Yup, that’s Indiana Governor Daniels implying that he supports private-sector unions. It’s just more class warfare, try to divide public-sector and private-sector unions. I wouldn’t be surprised if this works also. After all, we have to curb public-sector unions because their pensions are bankrupting us:

The court battles are playing out as lawmakers across the United States grapple with ballooning pension obligations that increasingly threaten schools, police, health clinics, and other basic services.

State and local governments may have $3 trillion in unfunded pension liabilities, and seven states and six large cities will be unable to cover their obligations beyond 2020, Northwestern University finance professor Joshua Rauh estimated last year.

Of course it’s not really true and at times the cuts lead to almost completely getting rid of the worker’s retirement fund, but it’s a sacrifice that has to be made. Somehow, the rich never seem to have to sacrifice.

Pretending is the way to solve things?

This is one of the stupidest ideas I’ve seen in quite some time:

Perhaps it would be more constructive for the court to decide cases by majority vote and issue a single opinion in the name of the court without publishing the votes or opinions of individual justices.

By eliminating dissenting opinions, which are sometimes longer than the majority opinion, the justices could focus more on crafting one clear opinion than on framing contentious responses. Any loss of egocentric exposition or subjective satisfaction caused by ending separate opinions would be more than compensated for by the added force, weight, and dignity unified Supreme Court decisions could command. The focus would be upon the rule of law, not upon judicial personalities.

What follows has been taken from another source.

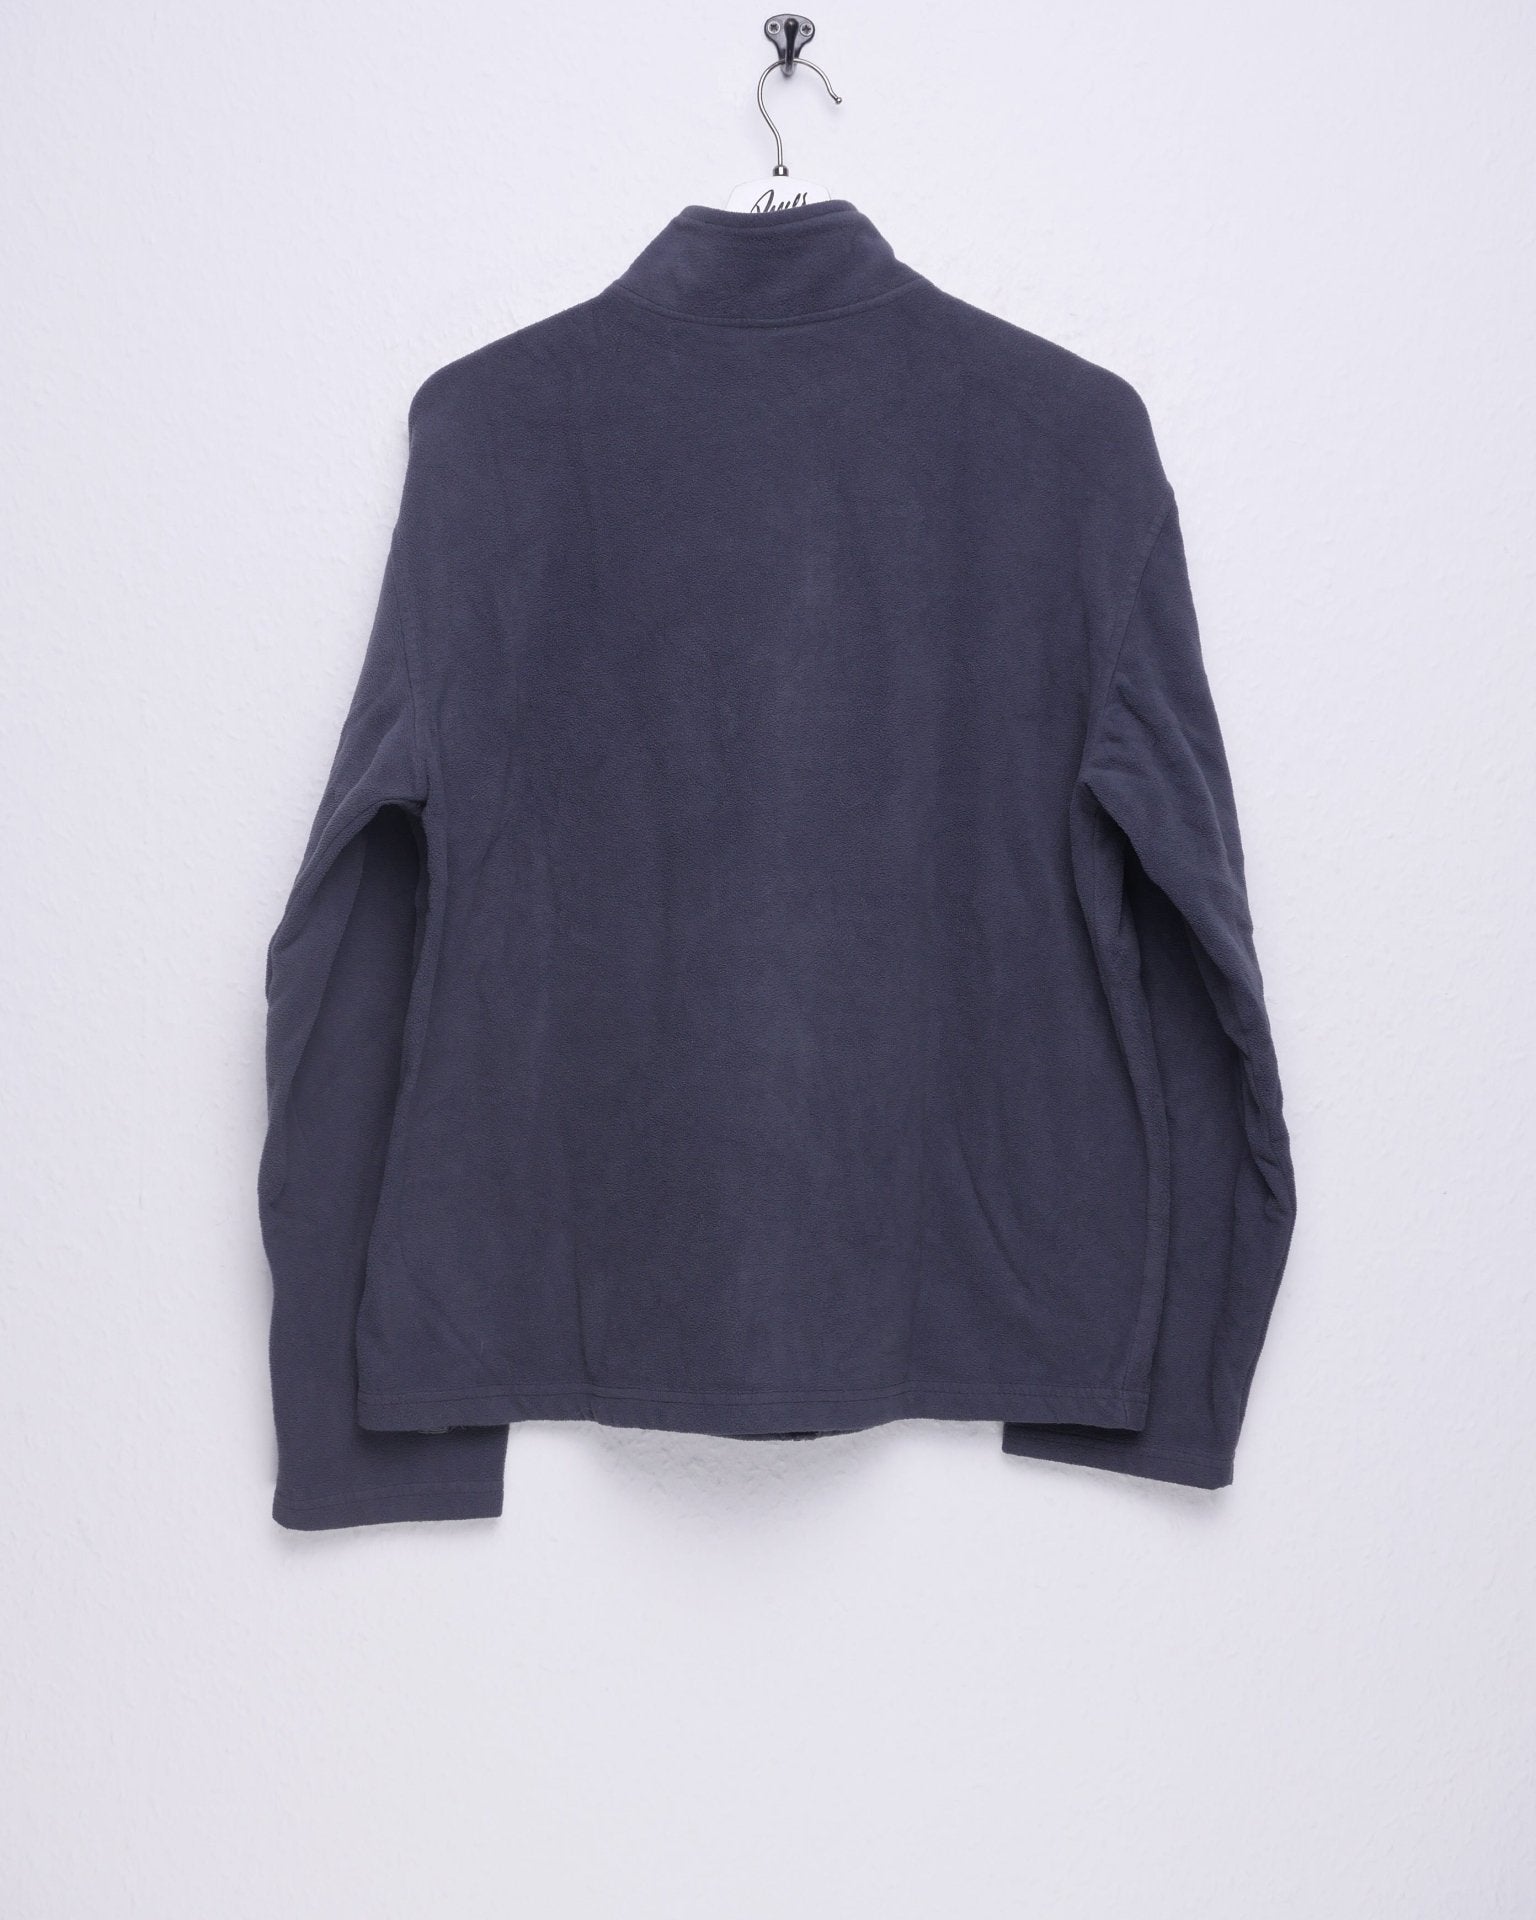 Starter embroidered Logo dark grey Fleece Zip Sweater - Peeces

The problem is that the Supreme Court is no longer seen as unbiased and their favorability ratings are way down. The reason is pretty obvious:

Frequent fractured opinions — especially in controversial and politically charged cases, like election challenges, campaign financing, or strip search practices — create the impression that those decisions may be politically motivated or agenda-driven and do not deserve the same respect and vitality given decisions rendered by greater majorities. They lead to charges of judicial activism and result in increasing partisan intrusion into the judicial process. Too often significant decisions are determined by one swing justice, giving the impression that Supreme Court precedent can be influenced merely by filling a vacancy with the right judge.

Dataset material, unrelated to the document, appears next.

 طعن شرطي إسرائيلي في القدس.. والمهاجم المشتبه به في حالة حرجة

If you change ‘create the impression’ to ‘show’  in the above passage (and make other, similar changes) then you see the problems. Most of the Supreme Court justices are now just as partisan as any other politician (and they are now politicians). This editorial does a better job of acknowledging the problem:

Protected by lifetime tenure, many have chosen to enter the political fray rather than insulate themselves from it. Their involvement with politically motivated organizations reflects a shocking lack of concern for the court’s image. All other federal judges are bound by the Judicial Conference’s Code of Conduct, which says they can’t engage in political activity and shouldn’t undermine their impartiality. But as a self-administering branch of the government, the nine justices have exempted themselves. They should reverse course, endorse the Code of Conduct, and forgo politics — for their own integrity, and that of the court.

This is the first of a series of editorials so I won’t pass judgement on it yet, but the article by Joseph Nadeau basically wants to deal with the problem by ignoring it. That won’t solve the problem, because some of the decisions (such as Bush v. Gore and Citizens United) are obviously due to partisan politics. Pretending that they’re not won’t change that.